Slay, I tried this...   However I converted the straight pipe, for each branch, into a K and summed all the K's for each branch.  Plugged into the Bernoulli equation.  And Came up with something in the area of (B).

But, in the TFS the answer was reported as (D).  In the solution posted in the other forum, added the head losses from friction in the energy equation.  Why?  Shouldn't they be subtracted?   

I found a mistake,  got 93ft which is close to (D)

Mike, the "extended" Bernoulli equation is actually a statement of conservation of energy. as such, it is essentially this (for steady state):

The rate at which energy enters a control volume = The rate at which energy leaves the control volume

In this problem a control volume is defined with boundaries just below the water level in the reservoirs. It is at these locations where mass enters/leaves the control volume.

The left hand side of the energy balance will have the enthalpy (pressure head, which is zero), kinetic energy (zero), and potential energy (height) entering the control volume at the reservoir in the right side of the drawing. That is all we have on the left side of the equation. (If we had a pump, the pump head would be on this side, because it is energy entering the control volume)

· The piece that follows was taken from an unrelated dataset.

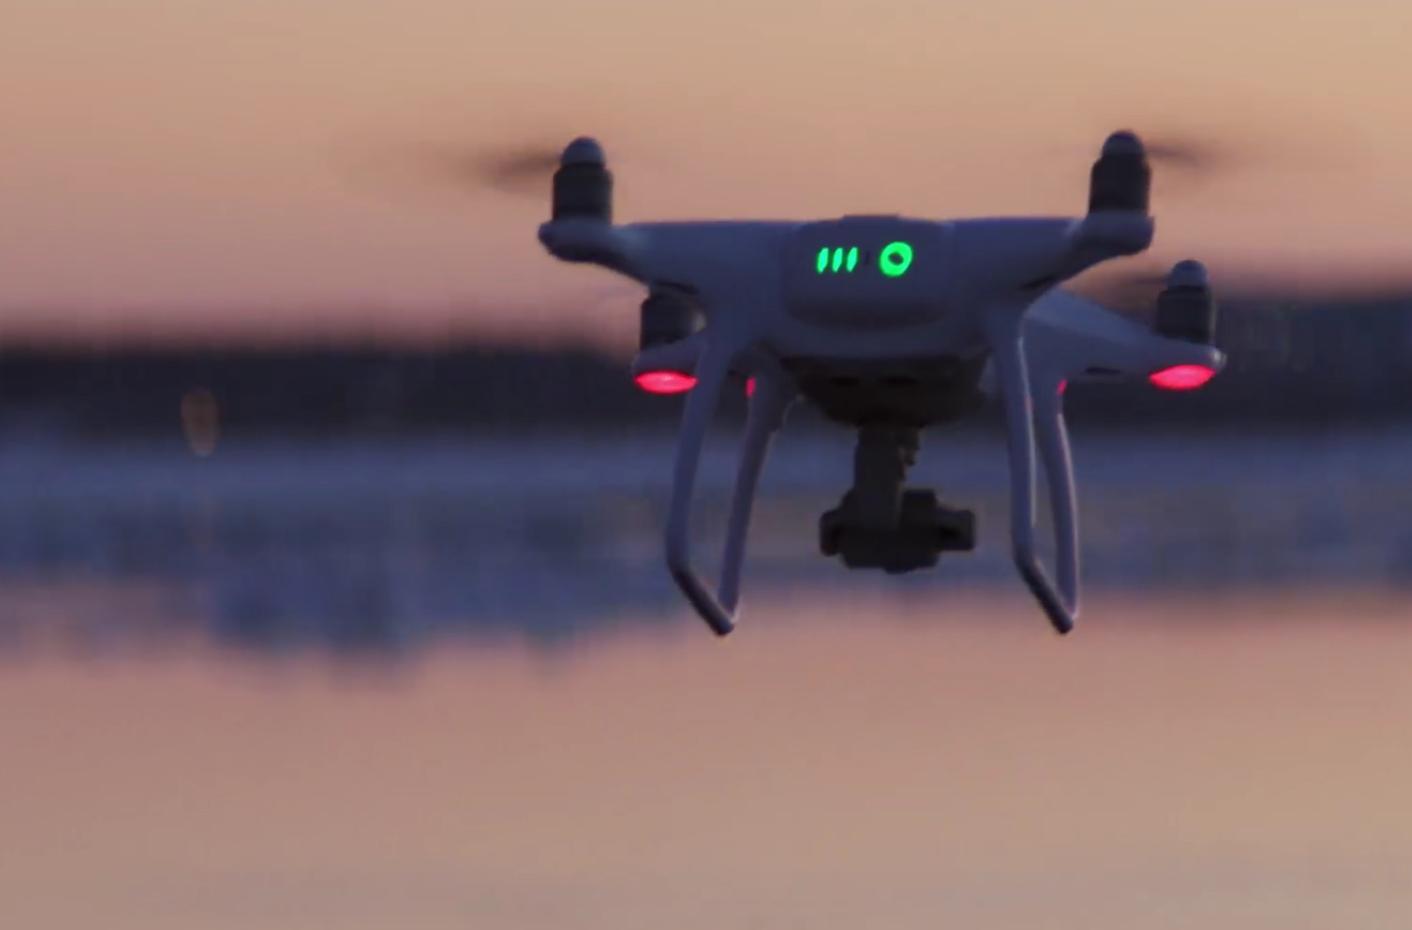 the dji phantom 4 drone capturing a sunset

The right hand side of the energy balance will have the enthalpy (pressure head, which is zero), kinetic energy (zero), and potential energy (height) leaving the control volume at the reservoir in the left side of the drawing. The right hand side of the equation will also contain the energy that is "lost" (stray heat is an enthalpy, which in hydraulics ends up being pressure loss) so the friction and minor losses are forms of energy leaving the control volume. These terms therefore, belong on the right side of the equation.

A much shorter way to say all this is that in the extended Bernoulli equation, the left side of the equation (subscript 1) is the inlet reservoir, and the right side (subscript 2) is the discharge reservoir. Pump head (if non-zero) goes in the left side of the equation. Turbine head (if non-zero) goes in the right side of the equation. Friction and minor losses go in the right side of the equation.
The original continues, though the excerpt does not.